The third term describes the effect of resource competition. Resource competition reduces the reproduction rate in areas with a larger density and thus suppresses density differences, which explains that its contribution is negative. However, if the wavelength is small relative to the scale of competition *σ*_{rc}, the density wave averages out within the competitive neighborhood of individuals and the homogenizing effect becomes weak.

Together, this clearly indicates in which regime we ought to expect colonies. Density fluctuations are suppressed by diffusion if their wavelength *λ* is smaller than *σ*_{m}, and by resource competition if *λ* is larger than *σ*_{rc}. Instabilities are therefore expected only if there is a gap between these two regimes. At the same time, the positive contribution of altruism becomes weak if *λ* is smaller than *σ*_{a}. For altruism to be effective in the “gap”, *σ*_{a} therefore should be chosen smaller than *σ*_{rc}. In summary, instability requires that the diffusion constant is small enough, the scale of competition is large enough, and the scale of altruism is smaller than the scale of competition. Apart from these rules of thumb, Eq. B.6 can of course be evaluated numerically to make precise predictions; see Fig. S2.

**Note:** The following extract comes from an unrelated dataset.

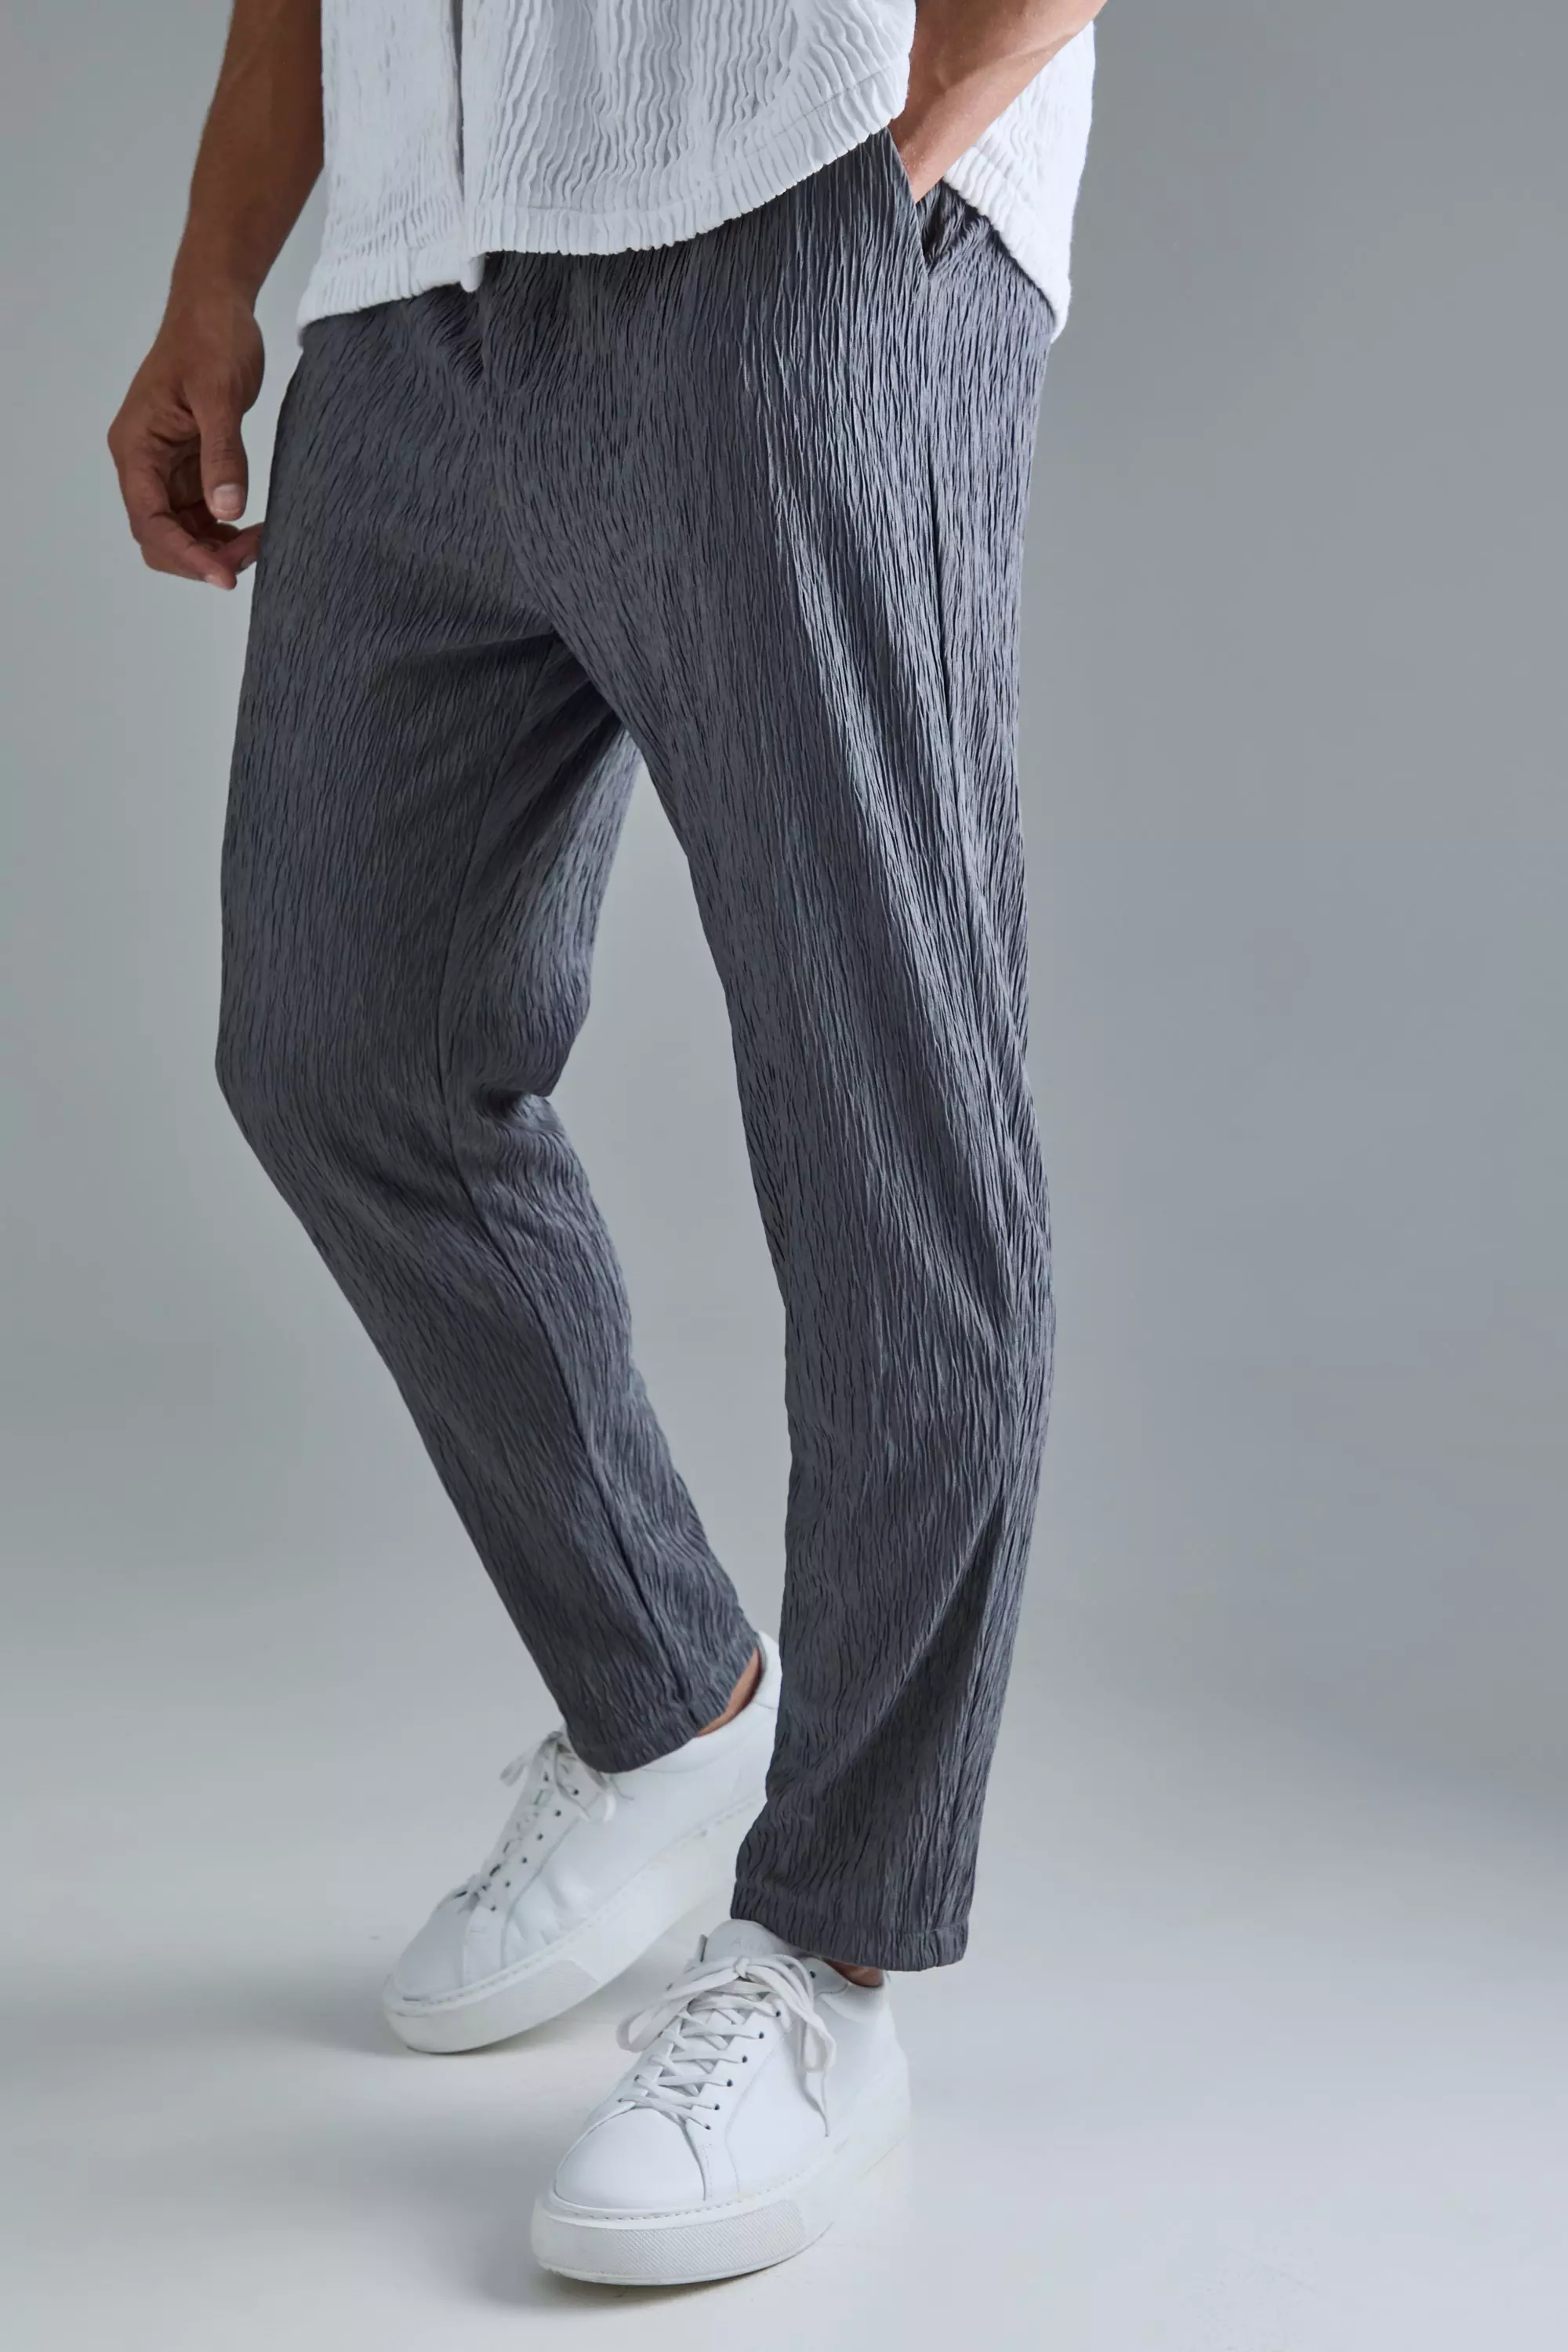 Textured Satin Smart Tapered Trousers grey blue

#### B.2 Validation of predictions

In Fig. 3b,c and Fig. S2 we test predictions based on the linear stability analysis using simulations. The key predictions are (i) the region of parameter space where colonies can form, and (ii) the wavelength of the resulting pattern. The following methods were used.

As illustrated with the red dot and arrow in Fig. S2a, both predictions are found by maximizing *E*(*λ*). Fig. S2b shows a contour plot of the maximal value of *E*(*λ*) under variation of the scales; Fig. S2c the corresponding wavelengths. Both values were obtained by differentiating Eq. B.6 and numerical root finding.

To test the predictions we performed a large number of simulations using different values for *σ*_{rc} and *σ*_{m}. (We used *σ*_{rc} ∈ {1, 1.2, 1.4, …, 5} and *σ*_{m} ∈ {0.0671, 0.100, 0.134, …, 0.671} in all 21 × 19 = 399 combinations.) As a simple proxy for the presence of colonies, we measured the variance of the (smoothed) population density (KDE) over space. To identify the dominant wavelength in the density pattern, we calculated the Fourier transform of the KDE and selected the mode with the largest amplitude.

The simulations were performed as usual and using default parameters except for the following adjustments:

All individuals were initialized with a trait value

*ϕ*= 0.05.In these simulations, we were interested in the ecological patterns of a population with fixed

*ϕ*; therefore the mutation rate was set to*µ*= 0 to disable evolution.The simulation was run for

*T*= 2 400 generations. (The colonies establish very rapidly.)Starting at

*t*= 400 generations, after each time interval of 80 generations the following analysis was performed:Calculate a KDE using a Gaussian kernel with standard deviation/bandwidth

*σ*_{a}/2.Calculate the variance of this KDE.

Calculate the Fourier transform of the KDE and identify the wave number with the largest amplitude.

After the simulation, the mean value of the variance was reported. It is this variance that is plotted in Fig 3c and Fig. S2e. Also, the mean value of the wave number with the largest amplitude was reported; this wave number was transformed to a wave length, which was plotted in Fig. S2f.